At a minimum, must contain a Frames and a MSDs column. The function msd_calc can be used to generate the correctly formatted pd dataframe.

fram1 : int

First frame at which to calculate the MSD ratio.

fram2 : int

Last frame at which to calculate the MSD ratio.

Returns:
ratio: numpy.float64

MSD ratio as defined by [MSD(fram1)/MSD(fram2)] - [fram1/fram2] where fram1 < fram2. For Brownian motion, it is 0; for restricted motion it is < 0. For directed motion it is > 0.

Examples

>>> frames = 10
>>> data1 = {'Frame': np.linspace(1, frames, frames),
...          'X': np.linspace(1, frames, frames)+5,
...          'Y': np.linspace(1, frames, frames)+3}
>>> dframe = pd.DataFrame(data=data1)
>>> dframe['MSDs'], dframe['Gauss'] = msd_calc(dframe)
>>> ft.msd_ratio(dframe, 1, 9)
-0.18765432098765433
>>> frames = 10
>>> data1 = {'Frame': np.linspace(1, frames, frames),
...          'X': np.sin(np.linspace(1, frames, frames))+3,
...          'Y': np.cos(np.linspace(1, frames, frames))+3}
>>> dframe = pd.DataFrame(data=data1)
>>> dframe['MSDs'], dframe['Gauss'] = msd_calc(dframe)
>>> ft.msd_ratio(dframe, 1, 9)
0.04053708075268797
diff_classifier.features.unmask_track(track)[source]

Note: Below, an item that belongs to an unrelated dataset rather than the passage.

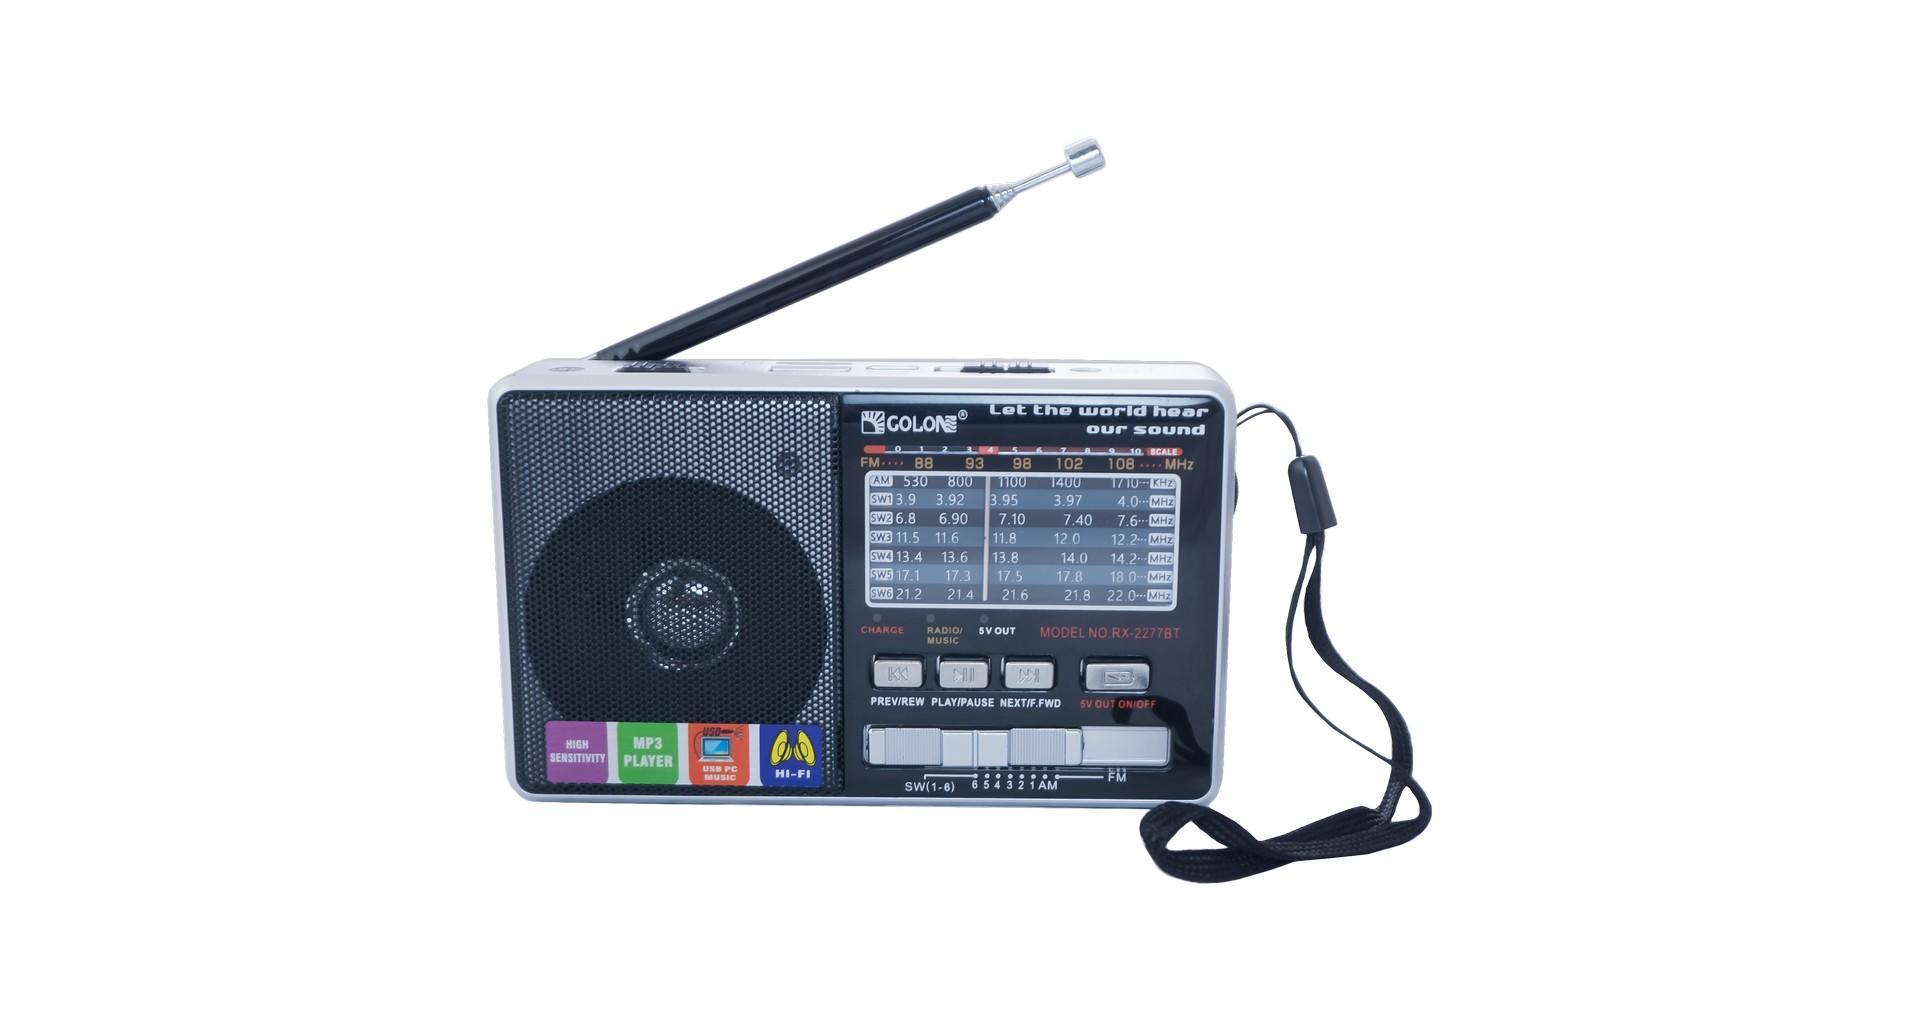 Радиоприемник Golon - RX-2277BT 5

Removes empty frames from inpute trajectory datset.

Parameters:
track : pandas.core.frame.DataFrame

At a minimum, must contain a Frame, Track_ID, X, Y, MSDs, and Gauss column.

Returns:
comp_track : pandas.core.frame.DataFrame

Similar to track, but has all masked components removed.